▶ [DIRECTIONS FOR THIS TASK]: The entire listing below is to be written out exactly, minus the pictures.

[DATASET EXCERPT Boundary: Start]

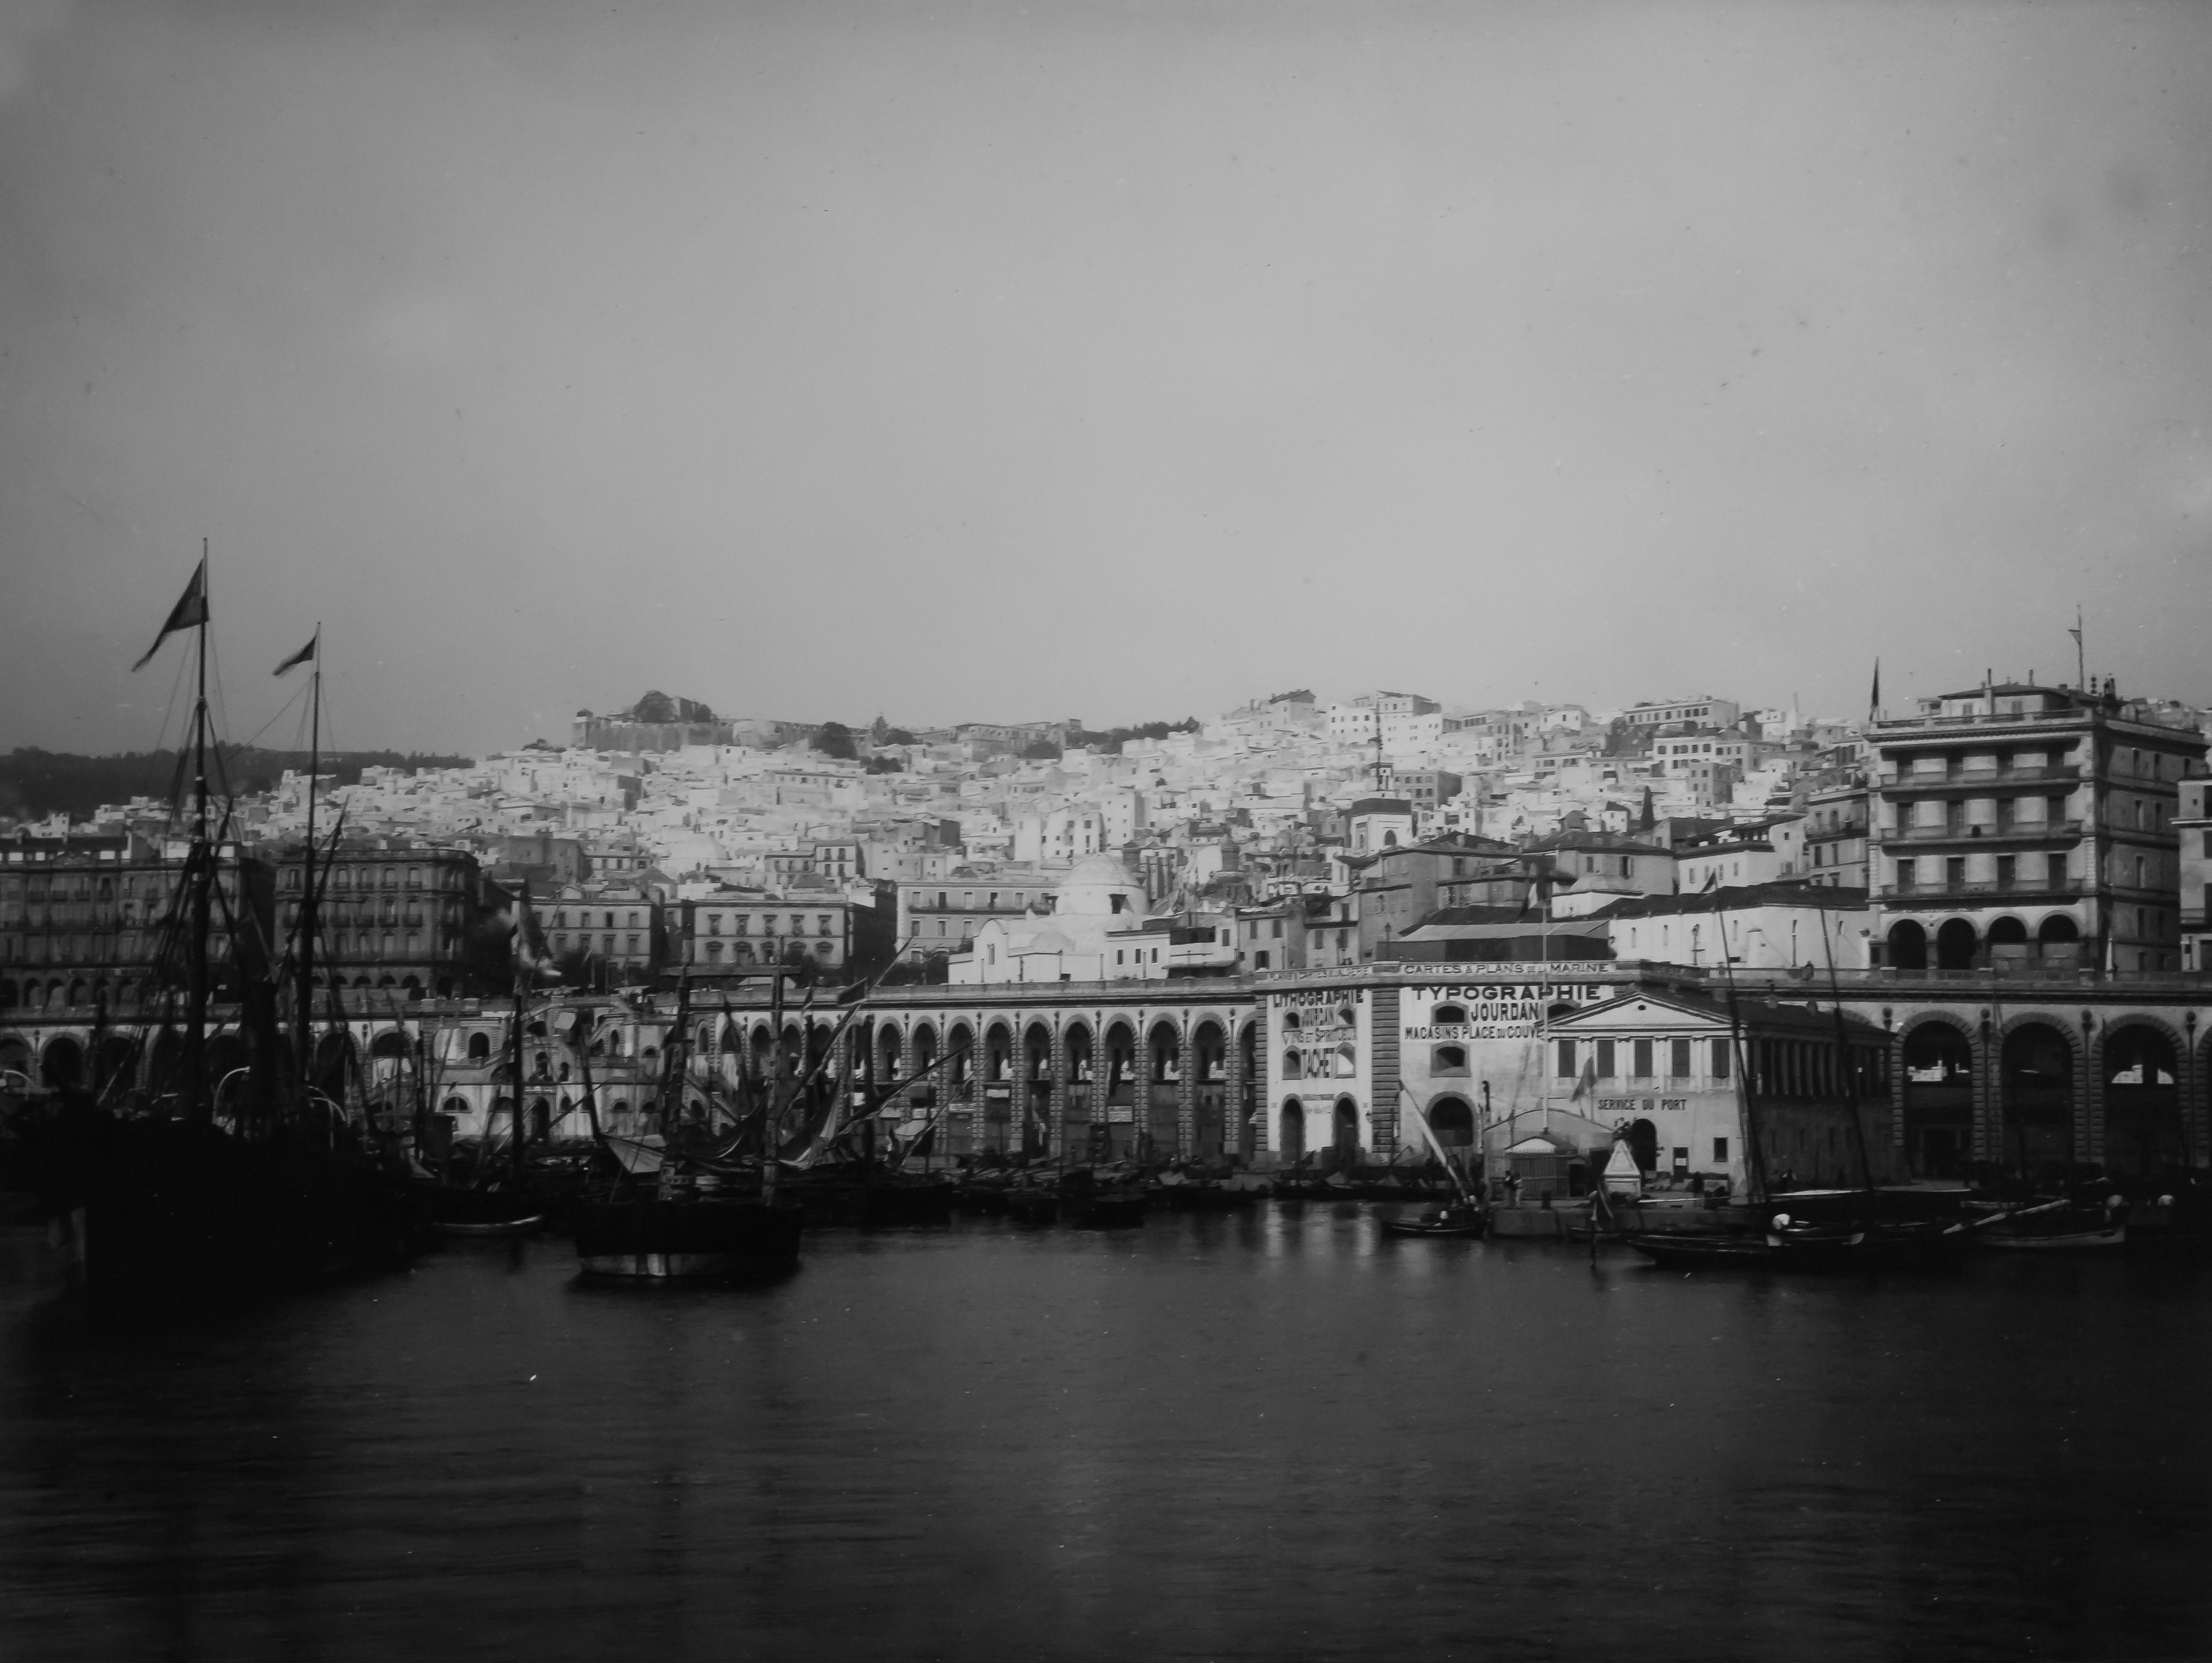 MHNT - Trutat - Le port d'Alger, Algerie, 1881
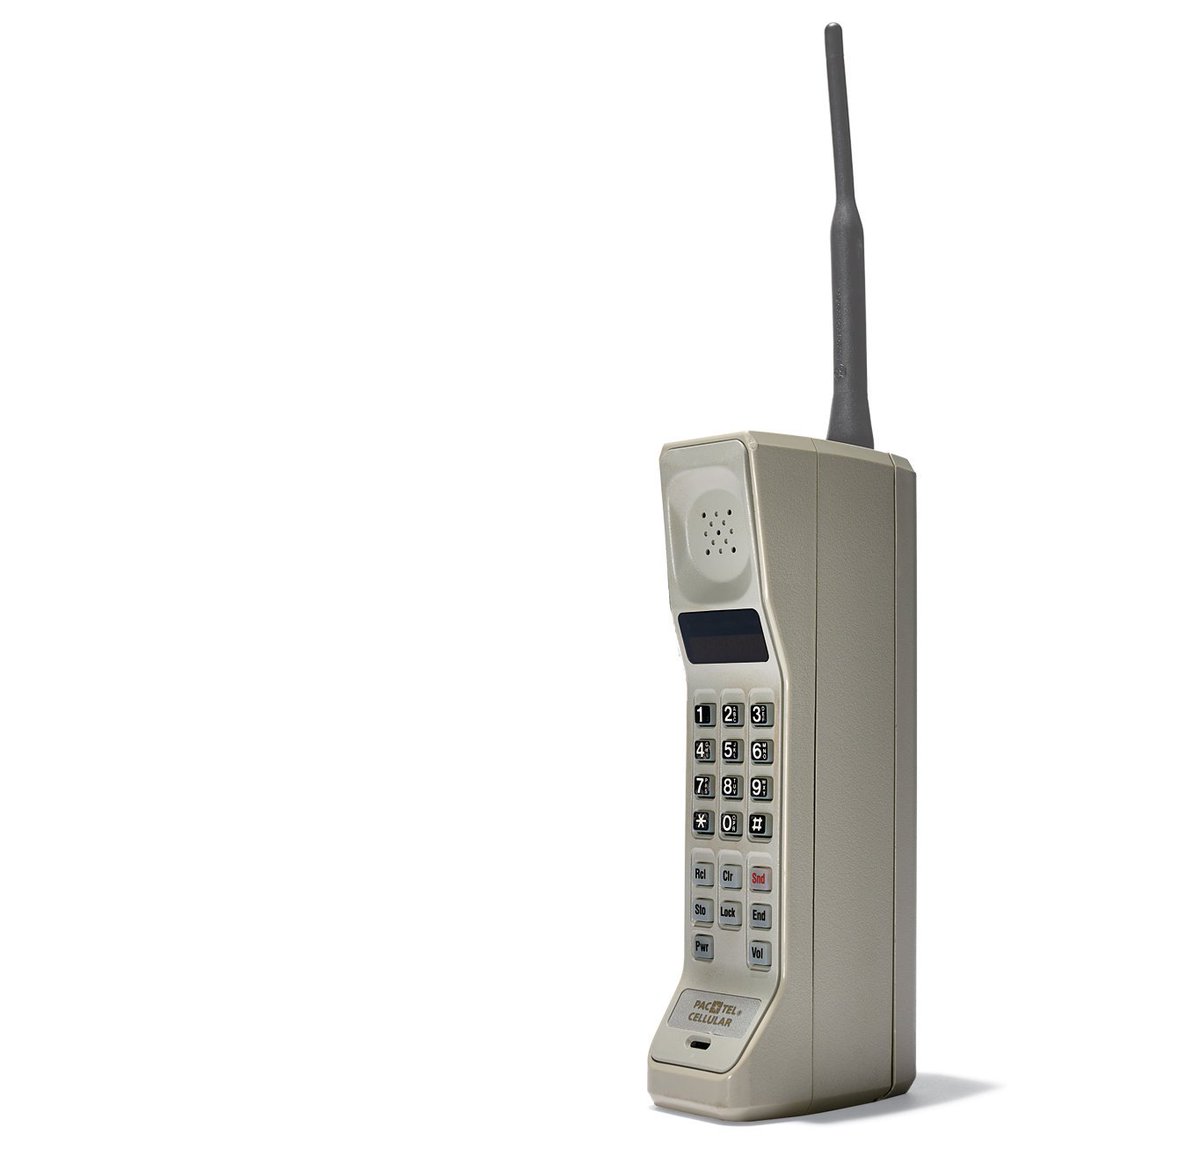 Le premier téléphone portable de l'histoire, le Motorola Dyna-Tac 8000X -  Le téléphone mobile a 40 ans, non mais allô
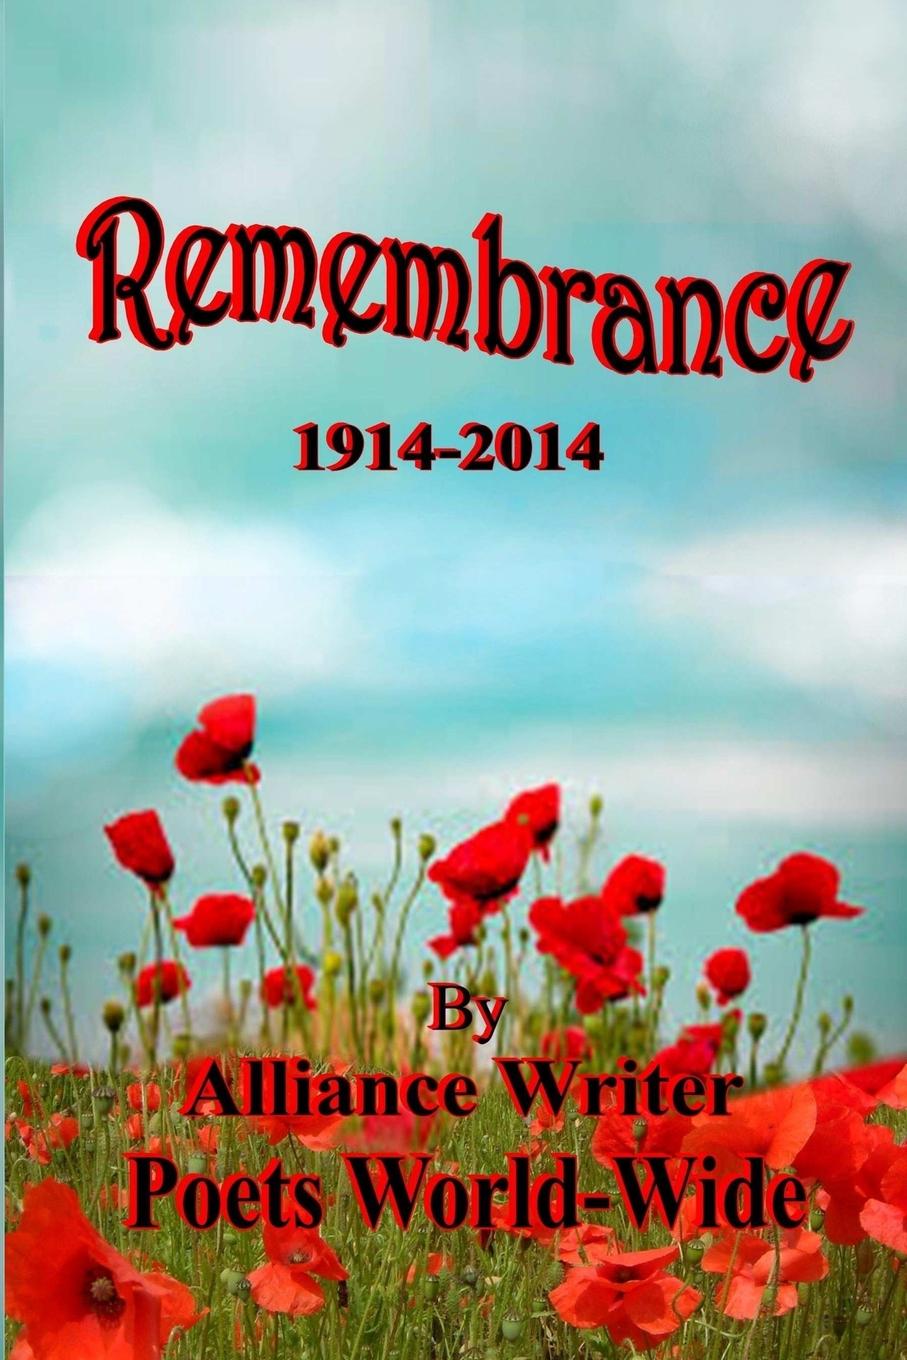 Alliance Poets, George L. Ellison Remembrance 1914-2014

[DATASET EXCERPT Boundary: End]

▶ [RESPONSE TO THIS TASK]:
 MHNT - Trutat - Le port d'Alger, Algerie, 1881
 Le premier téléphone portable de l'histoire, le Motorola Dyna-Tac 8000X -  Le téléphone mobile a 40 ans, non mais allô
 Alliance Poets, George L. Ellison Remembrance 1914-2014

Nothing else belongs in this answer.